The threat of rising sea levels

The raging Atlantic Ocean on the West Coast of Demerara on Holi Day definitely added an extra frisson to the usual dousing of cold water that is obligatory when celebrating that festival. But the spectacle should also remind us Guyanese of the threat posed by rising sea levels to our coastlands. The coastland was five feet under normal sea levels a century ago, and the ocean has since risen by another eight inches.
Whether we are science sceptics or not about exactly what is driving the process of “global warming”, there can be no doubt about the fact that temperatures over the last century have risen at least one degree Fahrenheit, and this has literally fuelled the process that leads to rising sea levels. Firstly, it is basic science that warm water expands, and secondly, that the continents of ice in the Arctic and Antarctic have been melting exponentially and dumping their waters into the oceans.

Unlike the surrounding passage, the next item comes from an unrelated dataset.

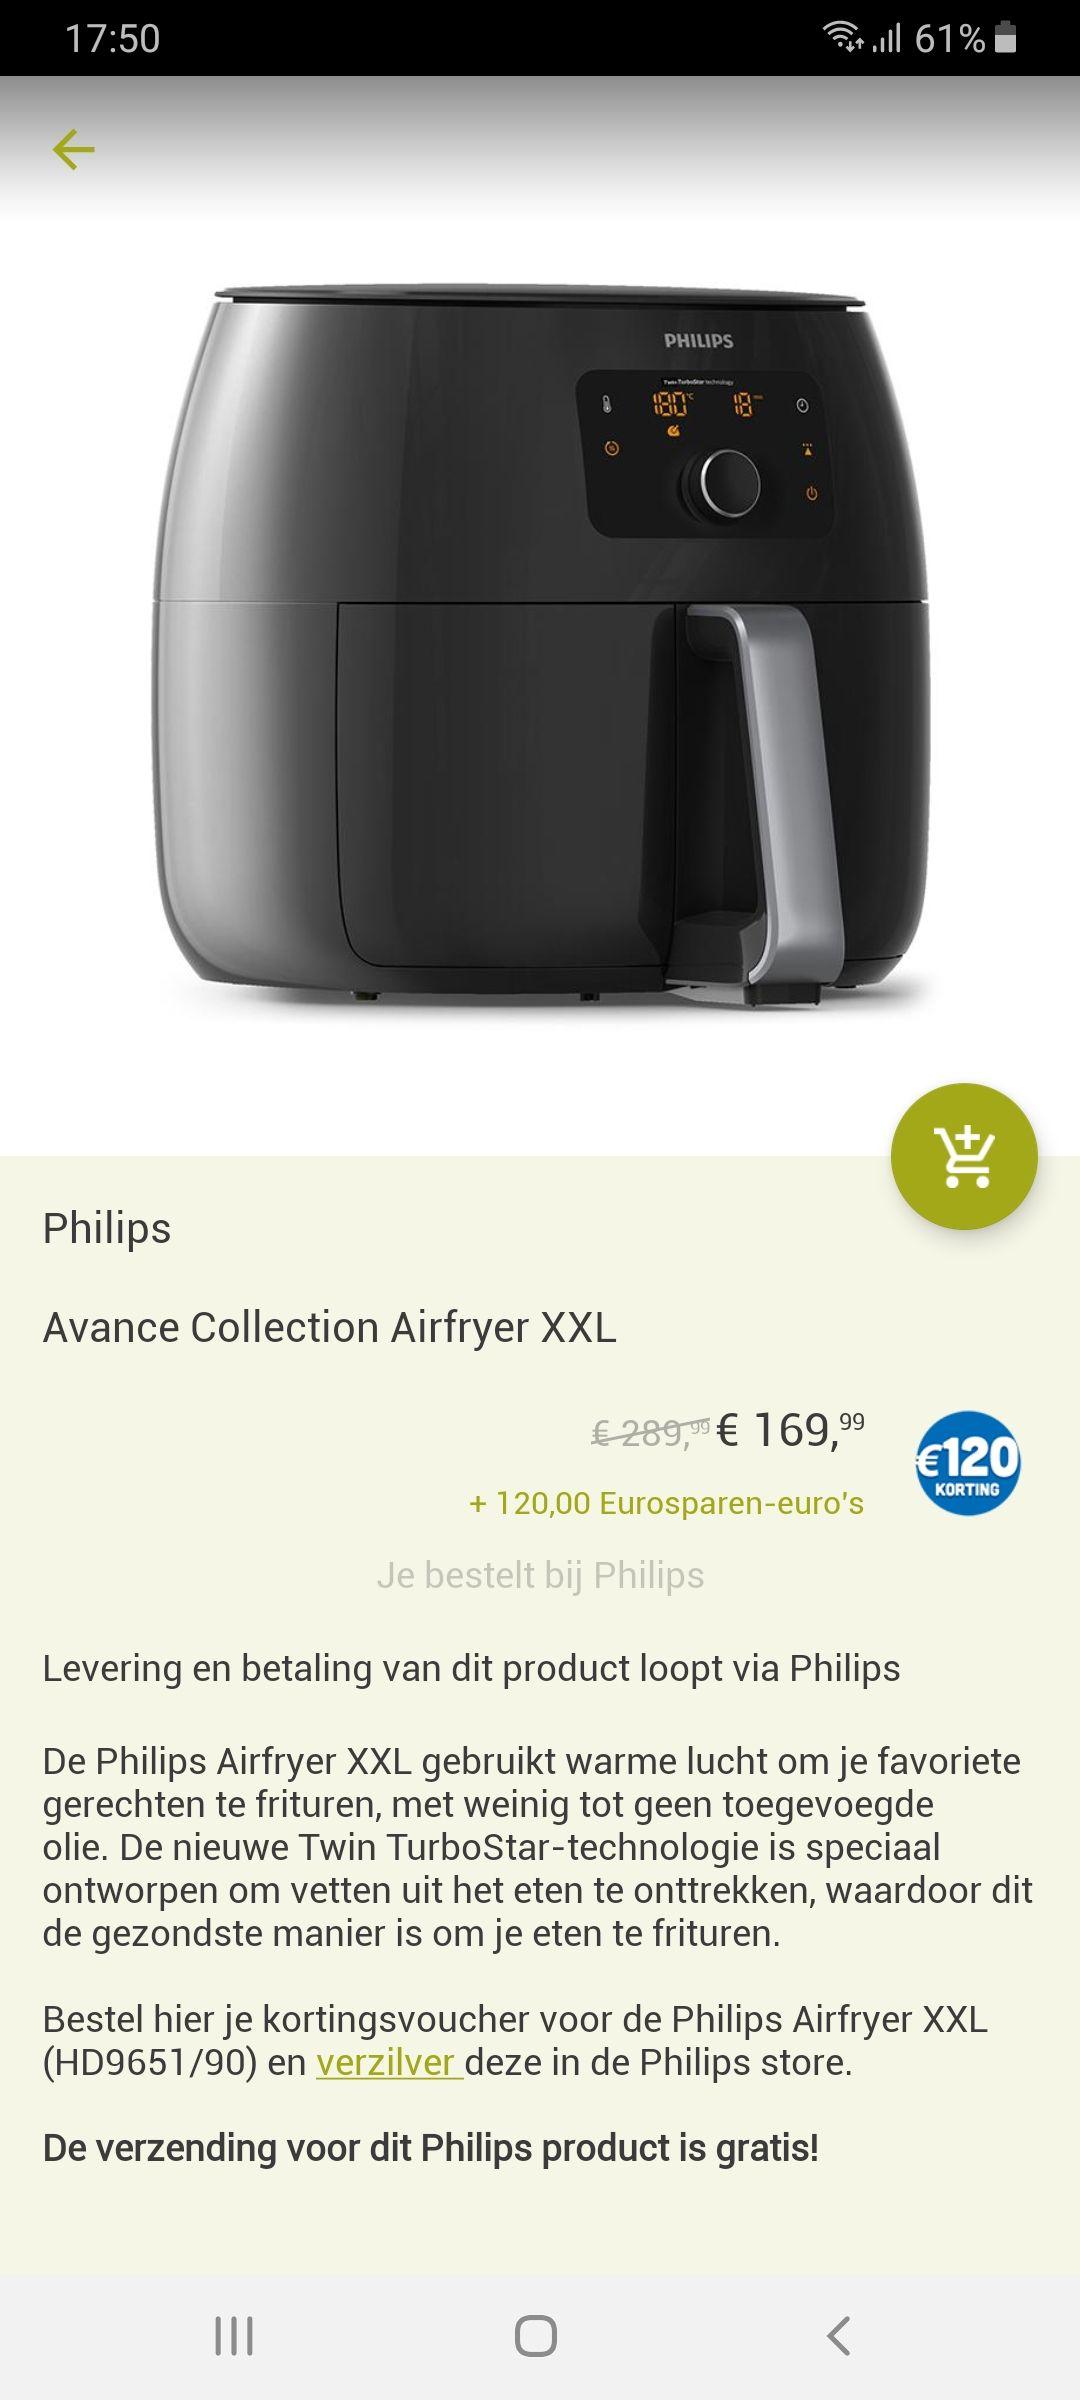 Philips airfryer XXL HD9651/90 bij eurosparen.

If the “carbon sceptics” – those who believe it is not rising levels of carbon-dioxide in the atmosphere that are the cause of global warming – are correct, then the situation is even more dire. Rising seas, then, may be due to long- term geological and climatic changes that once saw the ice caps completely melted and seas being SIXTY FEET over present levels. The question, then, is not whether the seas will rise, but how quickly they will do so; and more pertinently for us, what will we do about it. Last June, the UN held its first Ocean Conference, when countries under extreme threat — mostly low-lying islands – made poignant pleas to the world community for help against inundation and extinction. However, with an adamant US administration under Donald Trump charting an increasingly isolationist course, leadership is lacking to lead such a charge.
In a sense, we in Guyana defied nature and her processes when the Dutch moved their sugar plantations from up river to the coastland, which was then swampland. As we all should know by now, African slaves were coerced to move millions of tons of earth in digging hundreds of miles of canals and building hundreds of miles of sea and back dams. This created the habitable environment that was five feet under the sea at high tide. At this time, more than eighty percent of our population and about the same percentage of our economic activities are on this sliver of land that stretches from Essequibo to Berbice.
Looking at the cup half full, it may be rather fortuitous that we have finally acquired the wherewithal — with the expected oil revenues starting in 2020 — to exercise the option that was long suggested to avoid a catastrophe from rising seas: move our capital, where more than a quarter of our population lives, to higher ground. This, in turn, would have a demonstrator effect on all other endeavours away from the coastland.
The PNC regime, during its first term of office, had proposed the move be made to the northeast, while others have suggested the Rupununi.
The latter option becomes more feasible after the construction of the Lethem-Georgetown-Berbice Highway to the deep-water harbour off the mouth of the Berbice River — which is on the cards. The Government has also already committed itself towards establishing a Sovereign Wealth Fund (SWF), just as the PPP had done during the last elections, when oil was struck. This unanimity must now be tied to a long term development plan that is based on creating the infrastructure for a green economy that incorporates a gradual shift of our economic epicenter away from the threatened coastland.
While the PNC-led Government has emphasised the need for a green economy, it needs to map out a strategy along the lines of the Low Carbon Development Strategy (LCDS) adumbrated by the PPP. The rampaging Atlantic should serve as a wake-up call to them to not just wait for our inundation, but work with the Opposition to avert same.